Canada’s anti terror laws — on guard for whom?

Last week, the attorney general of Ontario announced the appointments of seven new justices of the peace. One of the seven had legal training.

Last week, the attorney general of Ontario announced the appointments of seven new justices of the peace.

One of the seven had legal training. The others included a retired elementary school teacher, a social worker and a former director of radio programming, marketing and sales.

These are in no way atypical of the qualifications expected of a Canadian JP.

When the RCMP searched the home of Ottawa Citizen reporter Juliet O’Neill in January of 2004, they did so under the authority of a search warrant issued by a justice of the peace, based on a section of Canada’s post 9/11 Security of Information Act.

The act is designed to circumvent the Charter of Rights and Freedoms in cases where there is an imminent threat to national security.

The search of O’Neill’s home and office was conducted in response to her November 2003 story in the Citizen citing information in a leaked government document alleging that Maher Arar had terrorist connections.

Arar, you may recall, is the Syrian-Canadian engineer who was kidnapped by US authorities at the airport in New York while en route to Canada, and sent to Syria to be tortured.

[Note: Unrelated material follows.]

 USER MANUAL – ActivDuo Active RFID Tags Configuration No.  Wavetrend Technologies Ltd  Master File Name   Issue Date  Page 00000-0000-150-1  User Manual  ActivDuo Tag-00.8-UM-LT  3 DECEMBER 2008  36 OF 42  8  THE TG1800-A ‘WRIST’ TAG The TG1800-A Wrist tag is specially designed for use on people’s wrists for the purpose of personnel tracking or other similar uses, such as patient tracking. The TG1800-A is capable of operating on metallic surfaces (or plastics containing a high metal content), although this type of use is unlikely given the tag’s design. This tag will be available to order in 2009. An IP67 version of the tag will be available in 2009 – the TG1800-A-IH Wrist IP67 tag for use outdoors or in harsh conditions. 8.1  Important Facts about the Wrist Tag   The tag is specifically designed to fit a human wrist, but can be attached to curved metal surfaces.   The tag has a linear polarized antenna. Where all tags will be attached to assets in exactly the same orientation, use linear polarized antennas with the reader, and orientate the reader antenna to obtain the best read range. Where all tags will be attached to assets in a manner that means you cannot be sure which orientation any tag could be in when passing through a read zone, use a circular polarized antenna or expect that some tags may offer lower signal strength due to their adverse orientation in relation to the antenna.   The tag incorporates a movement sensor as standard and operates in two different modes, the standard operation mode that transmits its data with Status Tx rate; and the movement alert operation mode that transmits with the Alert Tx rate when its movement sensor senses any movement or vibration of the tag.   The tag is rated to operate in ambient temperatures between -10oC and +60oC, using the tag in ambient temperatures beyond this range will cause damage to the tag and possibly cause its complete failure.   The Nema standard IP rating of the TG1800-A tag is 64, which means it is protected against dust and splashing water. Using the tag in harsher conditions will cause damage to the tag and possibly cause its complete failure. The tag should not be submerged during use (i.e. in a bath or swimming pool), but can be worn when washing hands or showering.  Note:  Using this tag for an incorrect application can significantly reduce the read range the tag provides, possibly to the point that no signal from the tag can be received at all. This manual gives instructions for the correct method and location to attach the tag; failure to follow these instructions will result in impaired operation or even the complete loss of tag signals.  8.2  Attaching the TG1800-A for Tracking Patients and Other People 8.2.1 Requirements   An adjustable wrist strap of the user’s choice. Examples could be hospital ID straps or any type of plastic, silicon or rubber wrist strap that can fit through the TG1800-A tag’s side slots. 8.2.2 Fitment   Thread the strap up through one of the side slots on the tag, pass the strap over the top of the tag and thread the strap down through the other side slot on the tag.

The leak was almost certainly provided to O’Neill in order to discredit Arar.

At the time he was getting a lot of press with his accusations that the government of Canada and the RCMP were complicit in the crimes against him.

O’Neill’s lawyers claim, not unreasonably, that the raid on her home was part of that attempt to discredit her, and that in fact the reporter was ‘set up.’

If the allegations are true, they point to a criminal conspiracy between members of the government and the RCMP to subvert justice, stifle the press and persecute both Arar and O’Neill.

If they are false, the whole matter still demonstrates how easy it would be for police to abuse the powers given them by Canada’s anti-terror legislation.

The raid on O’Neill’s home, along with her home office, was conducted at night.

Ten officers crowded the reporter’s apartment. While nine went through her personal effects, the tenth, a “truth-verification officer,” interrogated O’Neill during the search. He tried to get the reporter to reveal the source of the leak that led to her story.

O’Neill’s lawyers are now in court trying to get the warrant quashed on the grounds that it was improperly issued, and that the raid itself was an abuse of the power granted by that warrant.

A search warrant permits the police to search a home. Nowhere does it provide for a professional interrogator to enter and question the homeowner.

His Worship C.P. Sculthorpe, the JP who issued the warrant, may be eminently qualified to judge complex legal matters, or he may not, but in this case he appears to have been hoodwinked by the Mounties’ lawyers, who failed to mention that, while the application for a search warrant was being made under the Security of Information Act, the RCMP had already declared the leaked document to be “disposable and unclassified.”

The fact that individuals of minor legal qualifications are able to issue warrants under such a draconian law as the Security of Information Act is only a small part of what is wrong with this legislation.

In Canada today, if the state decides to pursue you under anti-terrorist legislation, neither you nor your lawyers have the right to see the evidence against you, and you may be held indefinitely without trial.

Under similar legislation, Arar was abducted by the US, and then deported to Syria, where he was subjected to unthinkable tortures.

O’Neill’s fate was much gentler, but still not something any citizen wants to endure.

This is Canada today. If you are neither dark-skinned nor a reporter, you may feel safe from such persecution, and for the time being it appears you are, but if you didn’t speak out when they came for Arar, who will speak when they come for you?

Today, under present circumstances, anti-terrorism legislation in Canada doesn’t do much to threaten the privacy, security or liberty of white middle class citizens who are unconnected to the media.

But if you ignore the way the law is now used to intimidate reporters and persecute people of Middle Eastern origin, what will come next?

Canadians enjoy the illusion that we are a tolerant country, whose Charter of Rights and Freedoms protects us from overzealous government officials.

The story of Arar and O’Neill demonstrates that this is a fantasy we can no longer afford.